This is a commentary from Del. Ken Plum (D-Fairfax), who represents Reston in Virginia’s House of Delegates. It does not reflect the opinion of Reston Now.
Never in my years in politics have I gotten as many questions from people as to what they can do to be more active in political affairs.
While the circumstances at the federal level that have given rise to this question are deplorable, there is a need to take advantage of this new or renewed interest on the part of citizens to get involved with their government. For folks who have been involved as volunteers in political campaigns or as advocates in issue-oriented organizations the lack of awareness and knowledge of the governmental processes on the part of their new helpers and associates is astonishing.

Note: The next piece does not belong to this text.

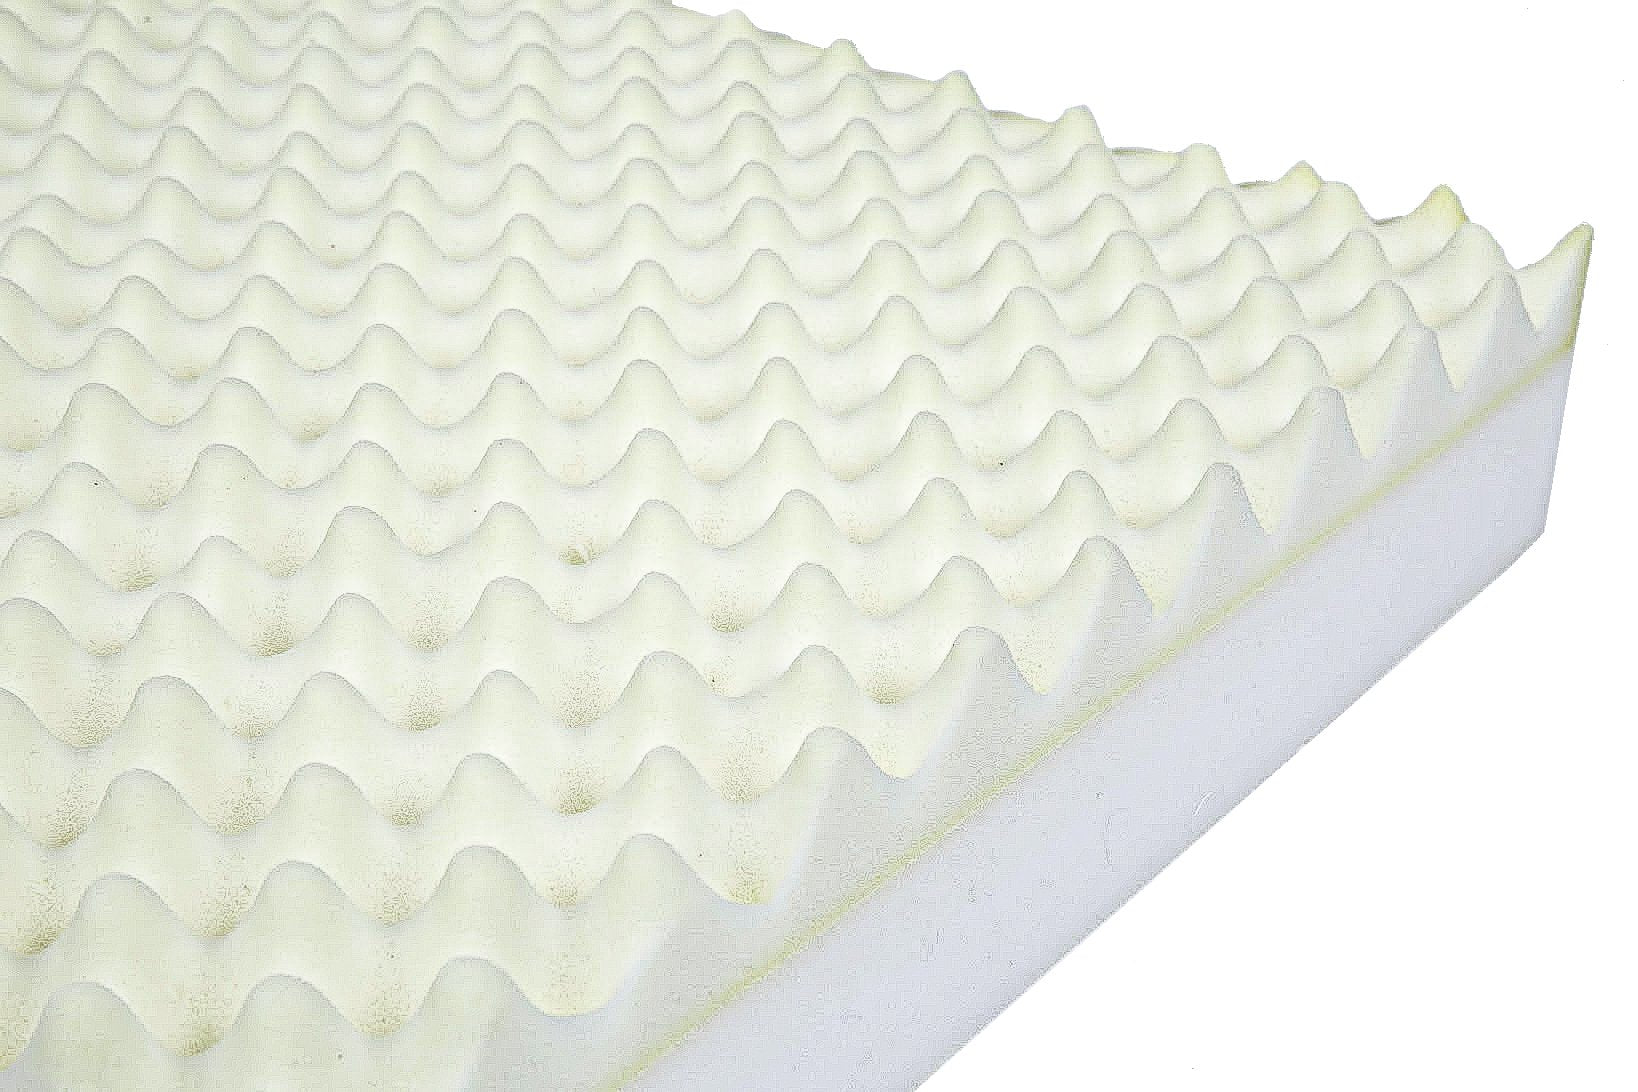 Buy wholesale Memory Foam mattress - Height 21 cm - Orthopedic and

Even so, it is absolutely essential that the new interests be acknowledged and respected and activities and mentoring take place to ensure that the maximum number of people participate in civic affairs and upcoming elections. I was pleased that a civic engagement fair that I sponsored on a Saturday morning earlier this year attracted more than 300 attendees. The goal of the event was to match up organizations with potential volunteers and members. New movements like Indivisible have sprung up around the country, with the local Herndon-Reston Indivisible attracting as many as 400 attendees at one of its early meetings. The group has formed several very active interest groups.
Strong interest in more involvement in civic affairs is of course not limited to this region or state; it is national in scope. The most recent issue of the Council of State Governments publication, Capitol Ideas, has civic engagement as its theme. It looks at such concerns as “the key to repair trust in government” and “how technology reshaped civic engagement.” If one word was used to summarize the articles in this edition of the journal read by state government officials nationwide, it would be education. An article entitled “Civic Education: A Key to Trust” includes a harsh review of the way civics is taught in the public schools: “Unfortunately, the nation’s schools have been generally unhelpful in providing the kind of information that can teach their students how their governments actually work.” The result is that only 23 percent of eighth-graders scored at or above proficiency in civics, according to research by the National Assessment of Educational Progress in 2014.
Improving civic education in our schools is critical to expanding engagement in the future, but action needs to be taken to involve more adults right now. The most obvious place to start is with voter participation in elections. Among the 35 nations involved in the Organisation for Economic Co-operation and Development, the United States ranked a shameful 31st in voter turnout. Laws need to be changed and increased emphasis needs to be given to removing barriers to voting and to getting people to the polls.
The recent influx of citizens interested in working for civic engagement can do a great deal to improve our political system — starting by encouraging others to vote on Election Day.